Hello all,
I'm currently making a program to convert CSV files from mail programs to a list of vCards. As each email program is different, each one requires a different work around for the exported CSV address book. I've figured out most myself, but i just can't figure out how to handle outlooks malformed CSV files.
First Name,Last Name,Middle Name,Name,Nickname,E-mail Address,Home Str
+eet,Home City,Home Postal Code,Home State,Home Country/Region,Home Ph
+one,Home Fax,Mobile Phone,Personal Web Page,Business Street,Business
+City,Business Postal Code,Business State,Business Country/Region,Busi
+ness Web Page,Business Phone,Business Fax,Pager,Company,Job Title,Dep
+artment,Office Location,Notes
Joe,Schmoe,L,Joe L Schmoe,"Joe, "the shark" Smith" ,joe@here.com,"270
+E. Willbur Ave
Apt 378",Atlanta,30823,GA,USA,HOMEPHONE,FAXPHONE,CELLPHONE,http://perl
+monks.com,"233 N. Ocean Drive Suite
300",Pheonix,73829,AZ,USA,http://joeswork.com,WORKPHONE,WORKFAX,WORKPA
+GER,Joes Company,Joes Title,IT Technologies,Office,here are some note
+s
"Smith,",Tony,,"Smith, Tony",,tony@smith.com,,,,,,,,,,,,,,,,,,,,,,,
Notice how the \r\n at the end of each line normally separate entries in a CSV file, however, here they can be part of the actual field value. Outlook doesn't handle quotations very well either, since it doesn't mark them. You can see this in Joe's nickname as "Joe, "The Shark" Smith". any other CSV gererator would make it as "Joe, ""The Shark"" Smith" as opposed to the one shown above.

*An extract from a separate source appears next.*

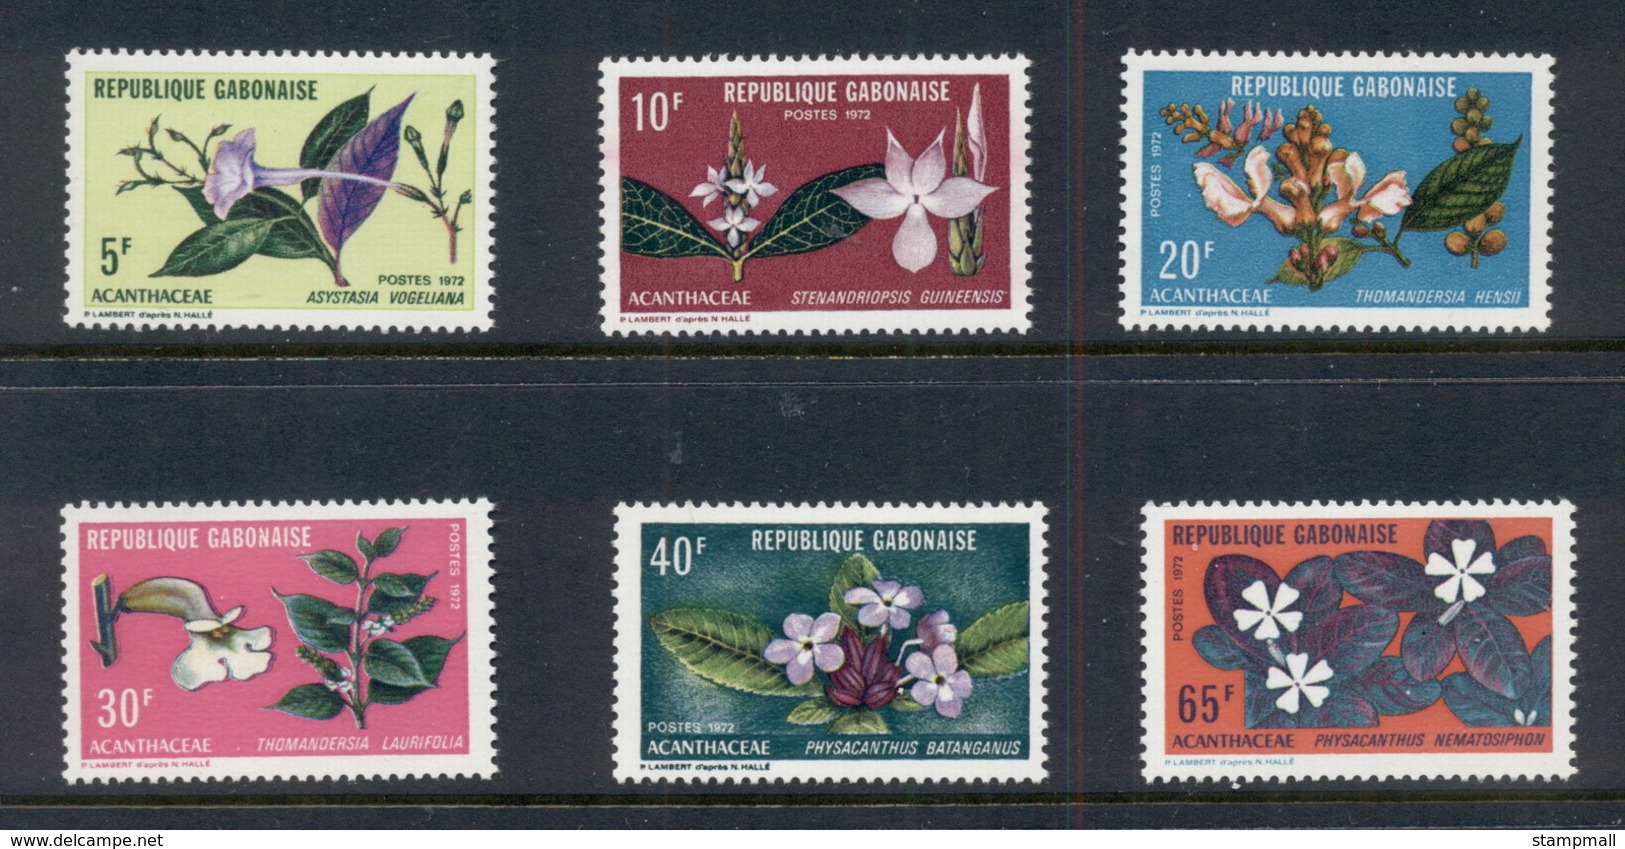 Gabon 1972 Flowers, Acanthus MUH - Gabon

One would normally use Text::ParseWords::parse_line to get the quoted values, but that doesn't work in this case, and with the broken lines, it is unable to find two instances of quotes for some fields. I've also considered counting the number of fields just by splitting the commas, but even then i'll end up getting an innaccurate count due to quotes and possible embedded commas within the quotes... Right now i'm just wondering if anyone might have any insight onto how to handle this... or perhaps some guidance as to what i would even begin to start with for a RegEx. Thanks!